◆ Work instruction: Without copying any picture, transcribe exactly the lines of the data below from the one containing "Screenshot for job-robot.fi" through the one containing "Gâteau aux fraises".

◆ Source material:

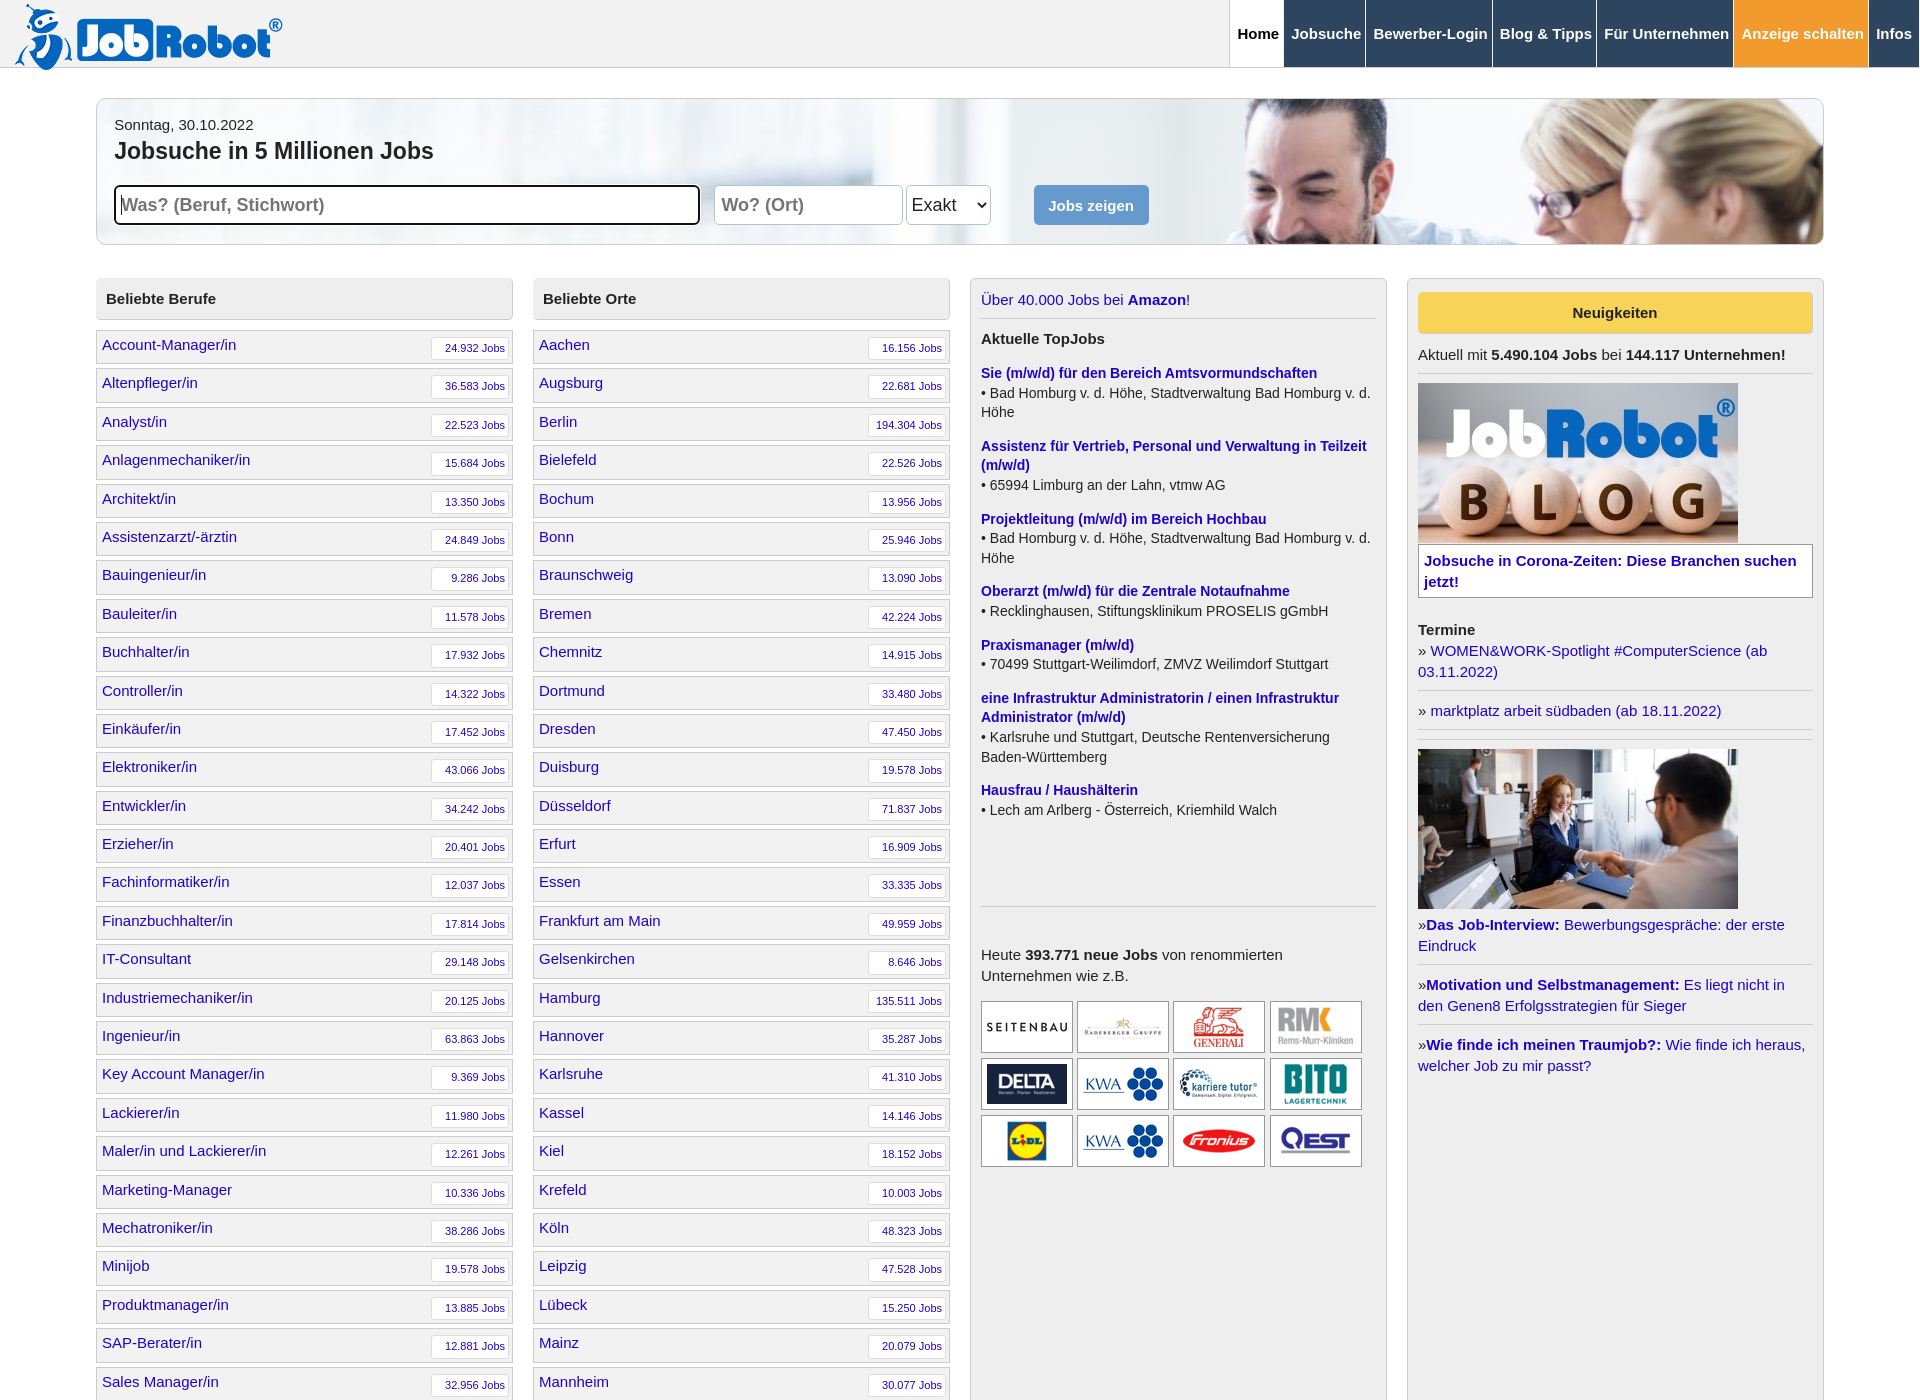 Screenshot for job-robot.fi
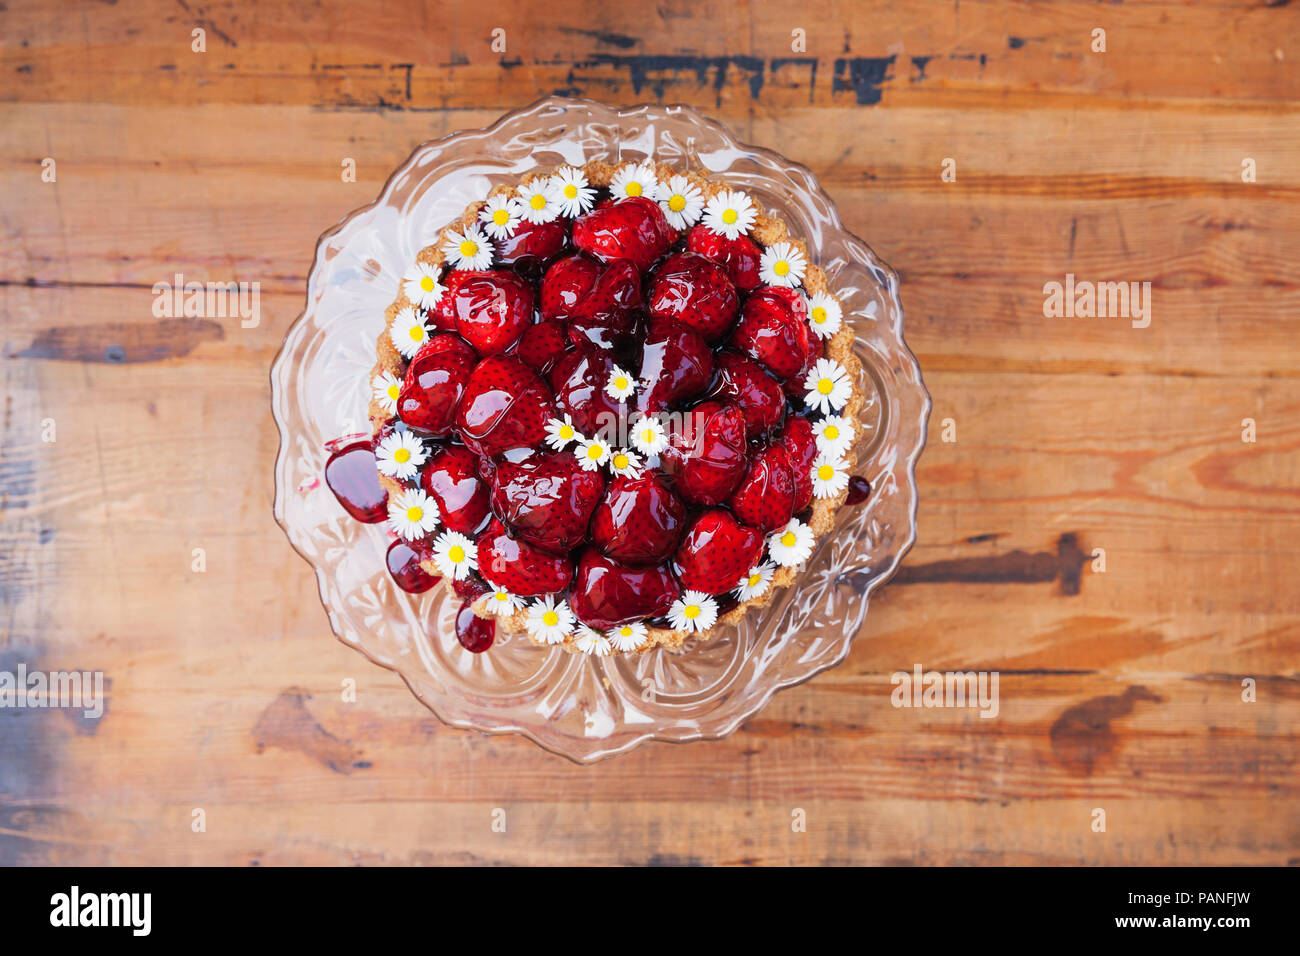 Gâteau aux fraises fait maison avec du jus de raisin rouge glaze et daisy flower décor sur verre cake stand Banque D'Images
---
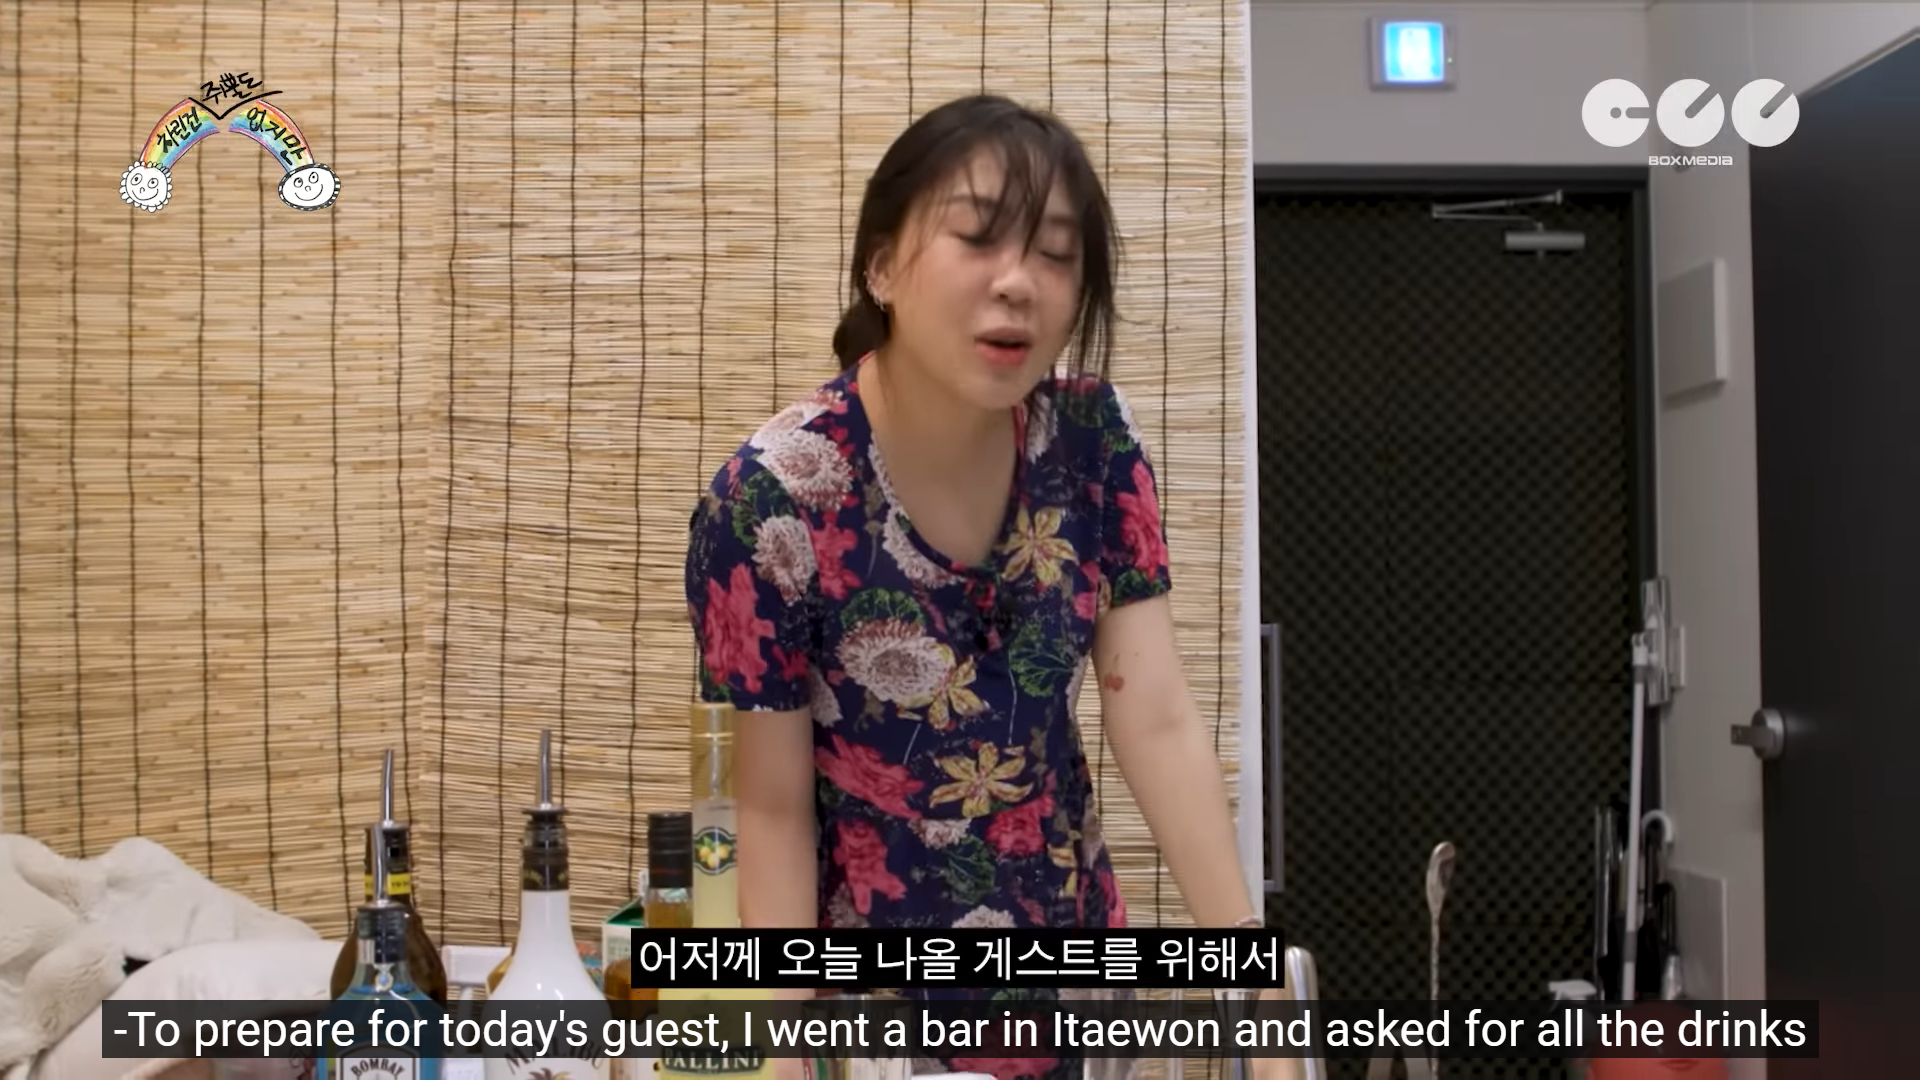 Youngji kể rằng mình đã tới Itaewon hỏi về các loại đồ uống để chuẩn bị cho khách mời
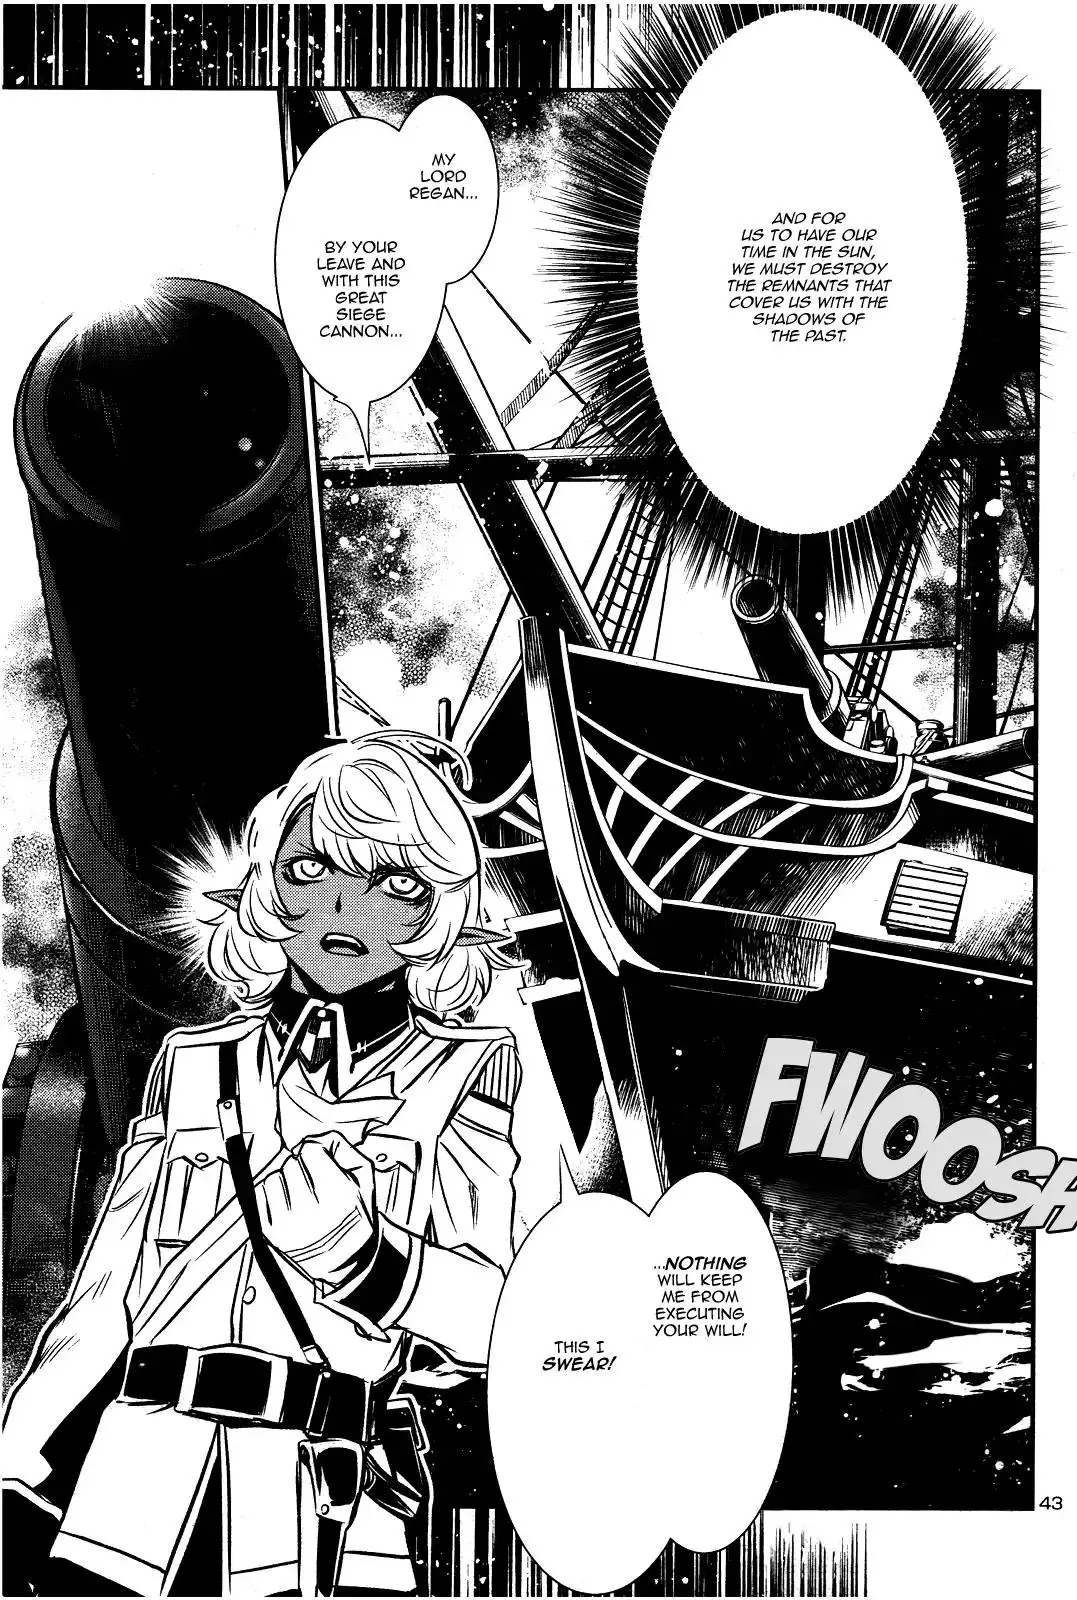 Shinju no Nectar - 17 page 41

◆ Answer to the problem:
 Screenshot for job-robot.fi
 Gâteau aux fraises fait maison avec du jus de raisin rouge glaze et daisy flower décor sur verre cake stand Banque D'Images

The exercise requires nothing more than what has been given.